Mutualism is another coevolutionary relationship, in which two or more species depend upon one another and cannot live outside such an association.  For instance, fig trees in eastern Australia are pollinated by fig wasps.  The tree cannot survive without cross-pollination, so it provides a source of food and protection for the wasp, to guarantee that the wasp will reside there, and pollinate the trees.

Mutualism
This is a biological interaction in which the growth, survival, and/or reproduction of both interacting species are enhanced. In most situations neither partner can survive without the other. The relationship between legumes and the nitrogen-fixing bacteria that live in nodules on the legume roots is a good example of mutualism. In the symbiotic association between rhizobia bacteria and legumes, the bacteria provide the plant with a form of nitrogen that it can use to make protein, while the plant provides the bacteria with both an energy source and a highly regulated oxygen environment.
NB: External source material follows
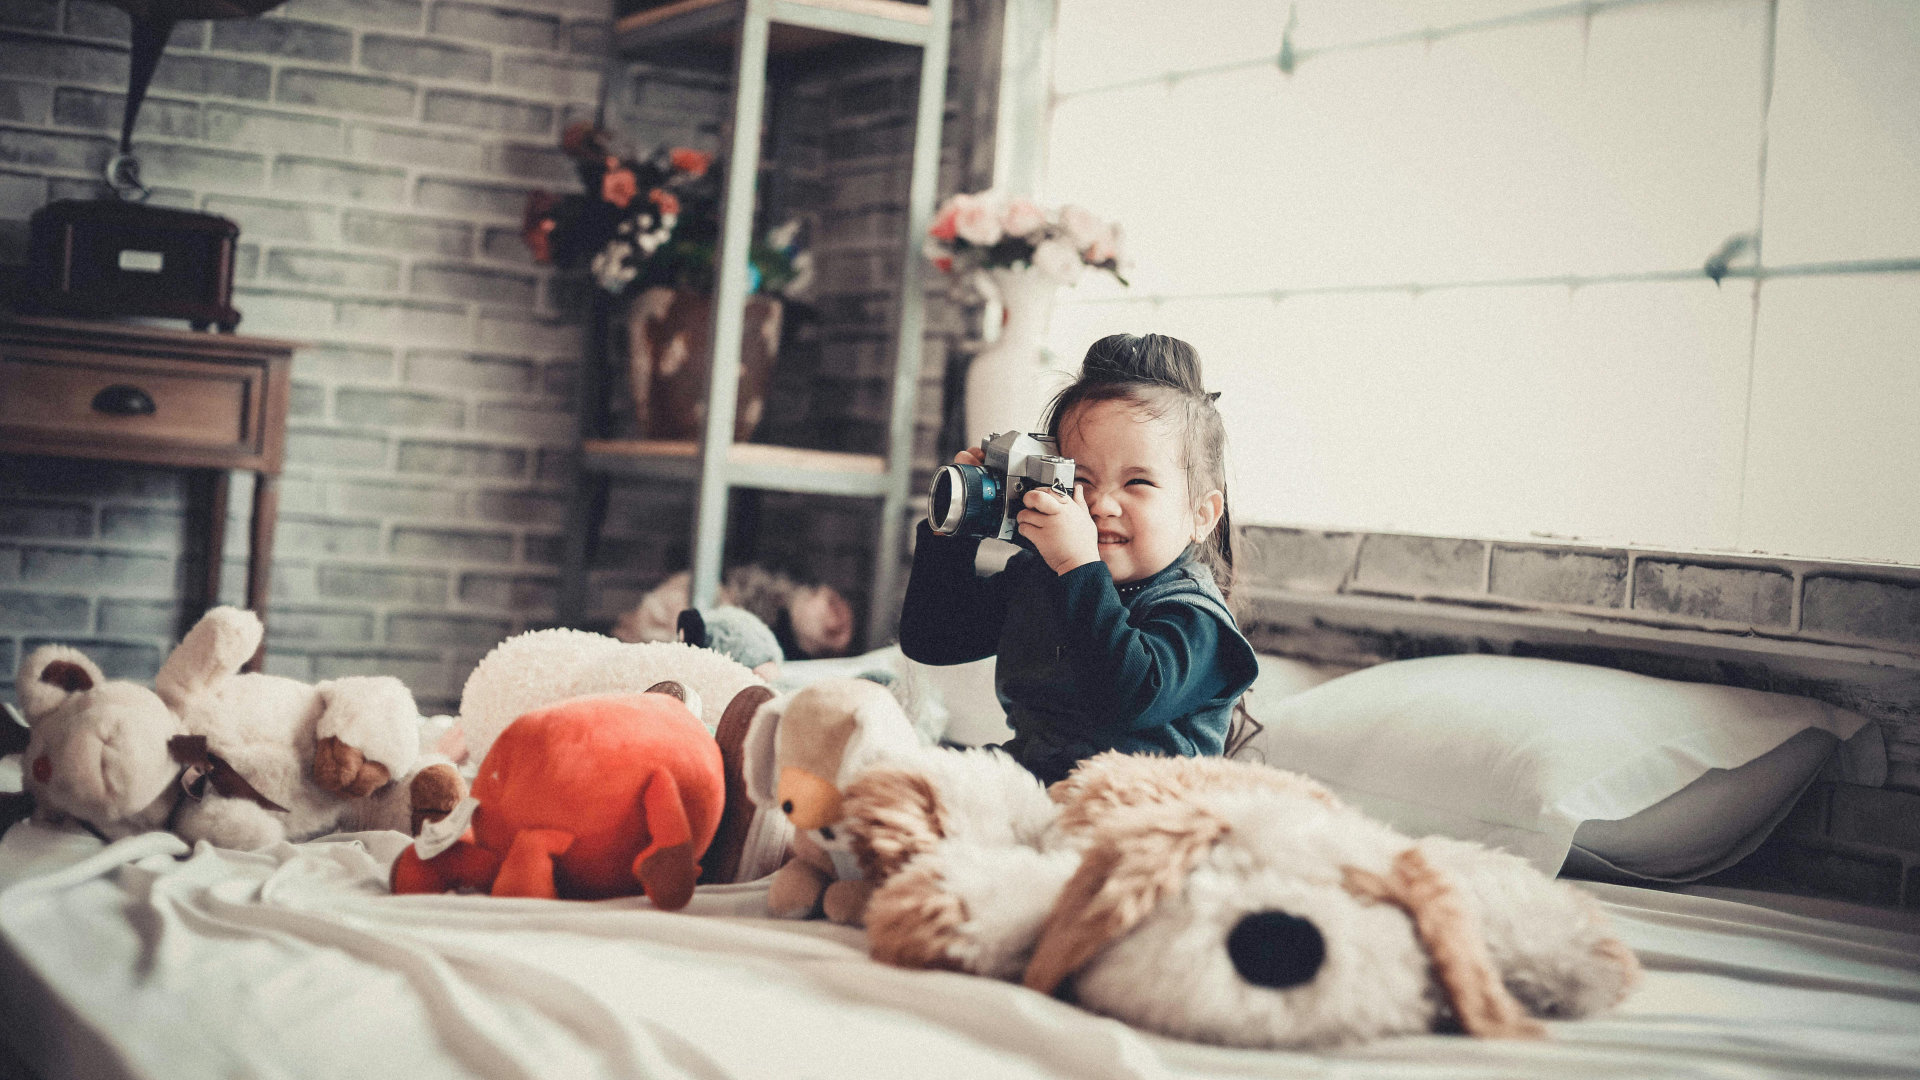 Child sits on bed playing with a camera surrounded by stuffed animals
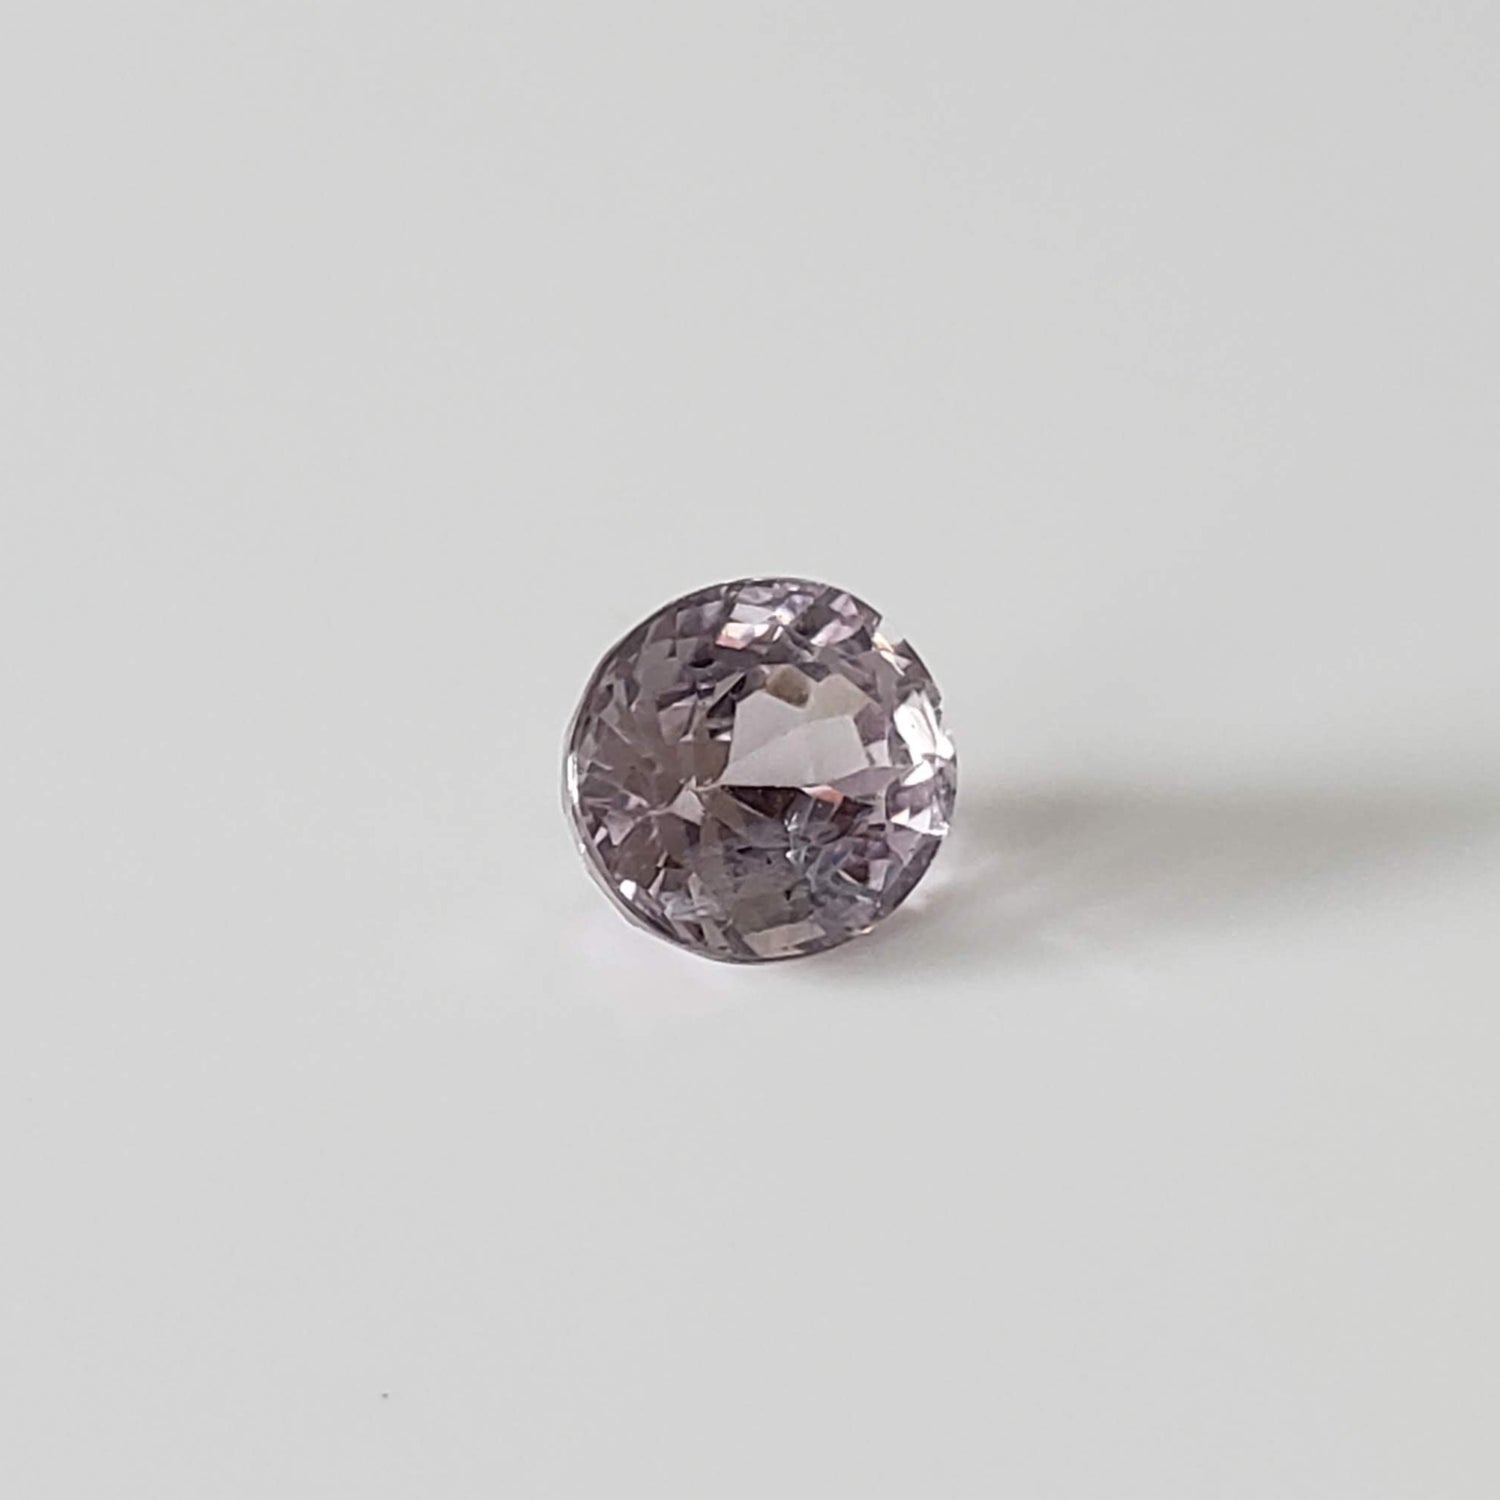 Spinel | Oval Cut | Pink | Natural | 6.8x5.8mm 1.3ct | Myanmar

This nitrogen fixation is carried out by only certain bacteria, which reduces dinitrogen (N2) to ammonium (NH4+). All living organisms are dependent on this process.

An outstanding example are lichens. Lichens are mutualistic symbiotic associations between fungi (ascomycetes) and certain genera of green algae. The photosynthetic members of these associations (the algae) provide the carbon compounds for both partners, and they are protected from environmental extremes by their fungal partners, which pass on to them mineral nutrients that reach the fungi from the external environment. Because of this relationship lichens are able to exist in some of the harshest habitats on earth.

Another type of mutualism and one of the most interesting is that between fungi and plants (mycorrhizae). The fungi mycorrhizae, which are at the roots of vascular plants, play a vital role in the absorption of phosphorus and other essential nutrients. Without this fungi the normal growth of plants would be impossible.

Plant-herbivore and pathogen interactions
The importance of plant-herbivore and plant-pathogen interactions in determining the structure of natural communities is not always obvious. The effects of herbivores on plants are profound, in the short and the long-term. Herbivores control such things as the reproductive potential of plants by destroying the photosynthetic surfaces, their food-storage organs, or their reproductive structures. These interactions have led to the evolution by plants of a wide variety of chemical defences. This ability to produce toxic chemicals gives plants a huge competitive advantage. This advantage is similar to the thorns or tough, leathery leaves, which protect plants from grazing. Some protective chemicals that plants produce may display other features, other than begin distasteful, that deter herbivores. Pyrethrum is a natural insecticide produced from a species of Chrysanthemum. Chromenes can interfere with insect juvenile hormone and act as true insecticides.

The secondary plant products ingested by herbivores may, in turn, play a role in the animals’ ecological relationships with other animals. Some insects store these poisons within their tissues and are protected from their predators. Some sex attractants in insects are derived from the plants on which they feed.

Relationships within a community are incredibly complex. Organisms that coexist within a community often have evolved together and affect one another in a huge variety of ways.